ВЕРСИЯ ПЯТАЯ
Кого он недолюбливал, так это Мандельштама. И все же, несмотря на свою нелюбовь к Мандельштаму, не кто другой, как Пастернак, решился похлопотать за него перед высшей властью. Обратиться к самому Сталину он не решался. Немыслимо! Стихи, написанные Мандельштамом о Сталине, были невозможно, немыслимо резки и грубы… Тем не менее он обратился к Бухарину с просьбой заступиться за Мандельштама, не спасти его, а хотя бы смягчить его участь.
Бухарин спросил:
— А что он себе напозволял?
— В том-то и дело, что я ничего не знаю. Говорят, написал какие-то антисоветские стихи. Он арестован.
— Постараюсь узнать. И обещаю сделать возможное, вернее, что смогу сделать.
Через несколько дней я обедал у Пастернаков. Помнится, в четвертом часу пополудни раздался длительный телефонный звонок. Вызывали «товарища Пастернака». Какой-то молодой мужской голос, не поздоровавшись, произнес:
— С вами будет говорить товарищ Сталин.
— Что за чепуха! Не может быть! Не говорите вздору!
Молодой человек: Повторяю: с вами будет говорить товарищ Сталин.
— Не дурите! Не разыгрывайте меня!
Молодой человек: Даю телефонный номер. Набирайте!
Пастернак, побледнев, стал набирать номер.
Сталин: Говорит Сталин. Вы хлопочете за вашего друга Мандельштама?
— Дружбы между нами, собственно, никогда не было. Скорее наоборот.

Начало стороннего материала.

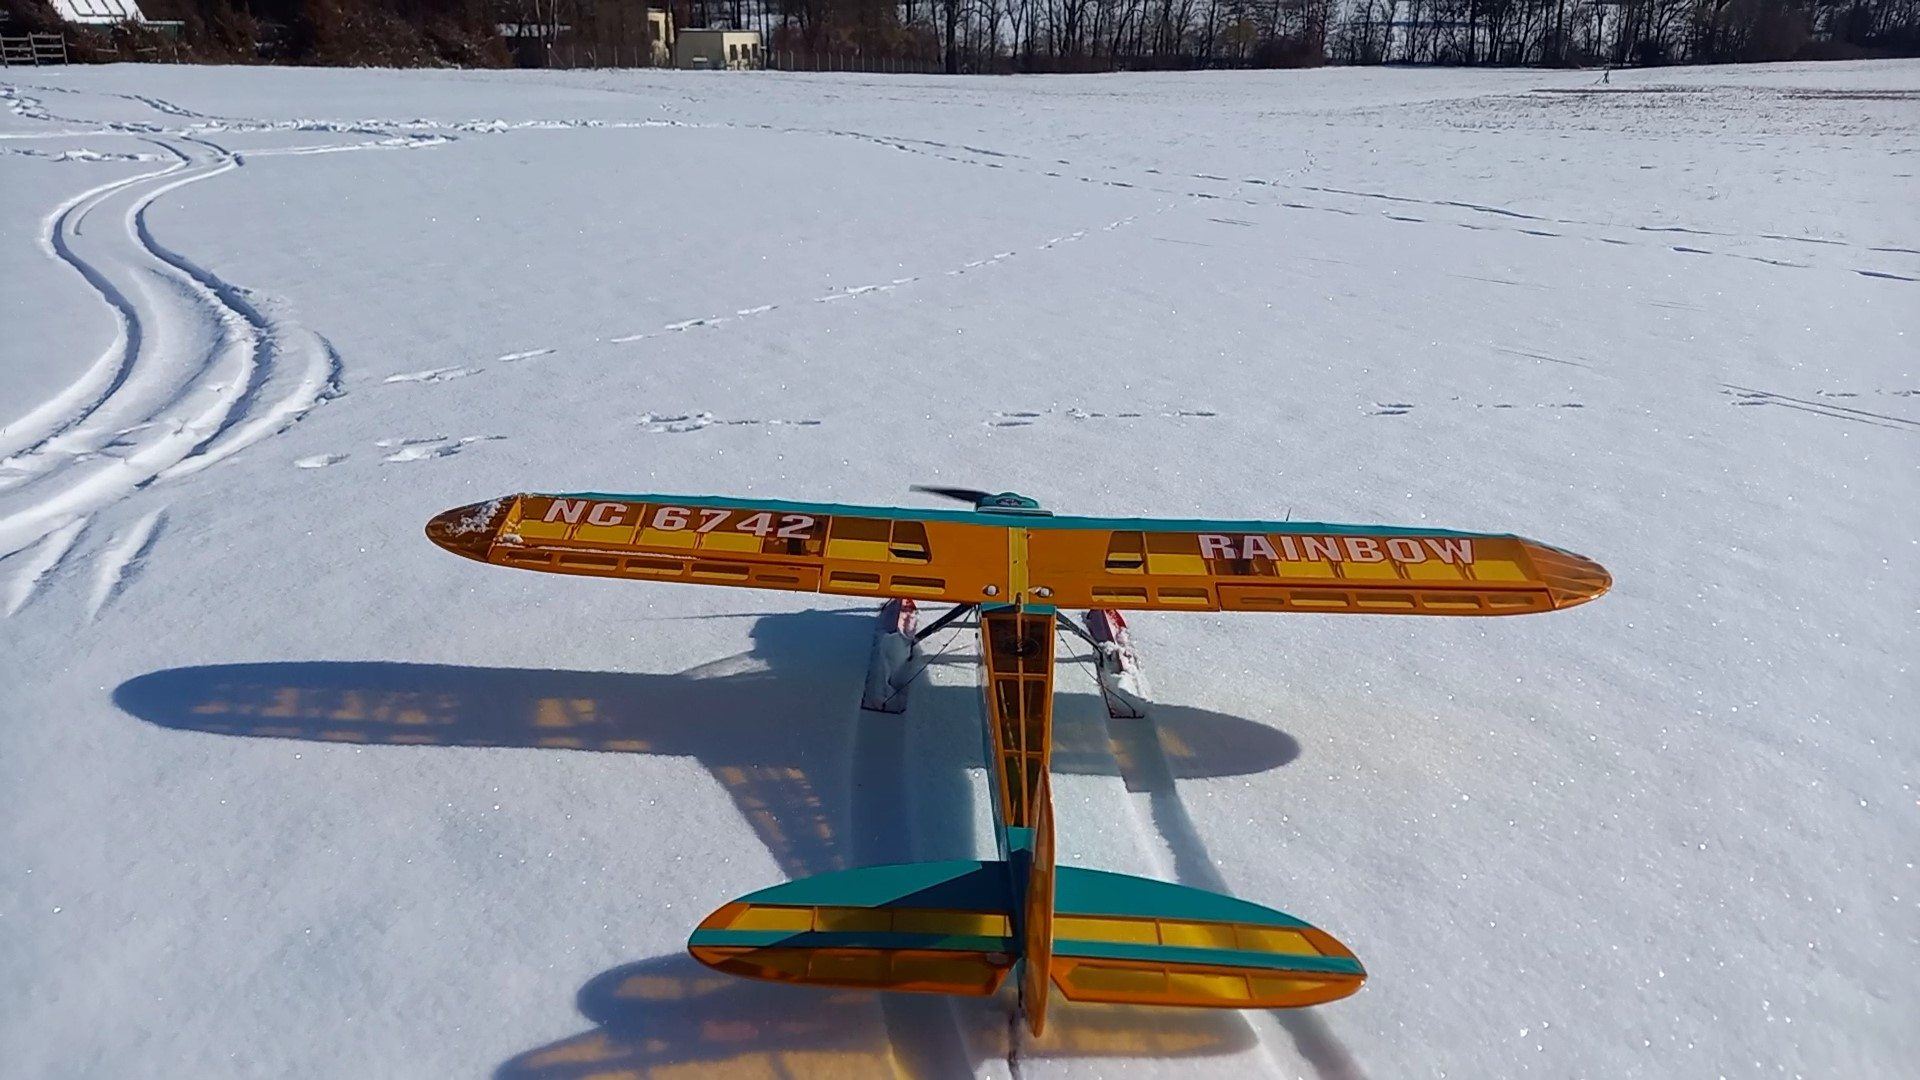 Rainbow 1600 (Phoenix) mit Schneeausrüstung

Я тяготился общением с ним. Но поговорить с вами — об этом я всегда мечтал.
Сталин: Мы, старые большевики, никогда не отрекались от своих друзей. А вести с вами посторонние разговоры мне незачем.
На этом разговор оборвался.
Конечно, я слышал только то, что говорил Пастернак, сказанное Сталиным до меня не доходило. Но его слова тут же передал мне Борис Леонидович. И сгоряча поведал обо всем, что было ему известно. И немедленно ринулся к названному ему телефону, чтобы уверить Сталина в том, что Мандельштам и впрямь никогда не был его другом, что он отнюдь не из трусости «отрекся от никогда не существовавшей дружбы». Это разъяснение ему казалось необходимым, самым важным. Телефон не ответил.
Автор этой записи — Николай Николаевич Вильмонт — был в то время одним из самых близких к Пастернаку людей. К тому же, как явствует из его рассказа, он сам, собственными ушами, слышал все, что говорил Сталину Пастернак, то есть добрую половину этого разговора. Вторую же половину Борис Леонидович пересказал ему сразу, так сказать, по горячим следам происшедшего на его глазах события. Казалось бы, уж куда достовернее?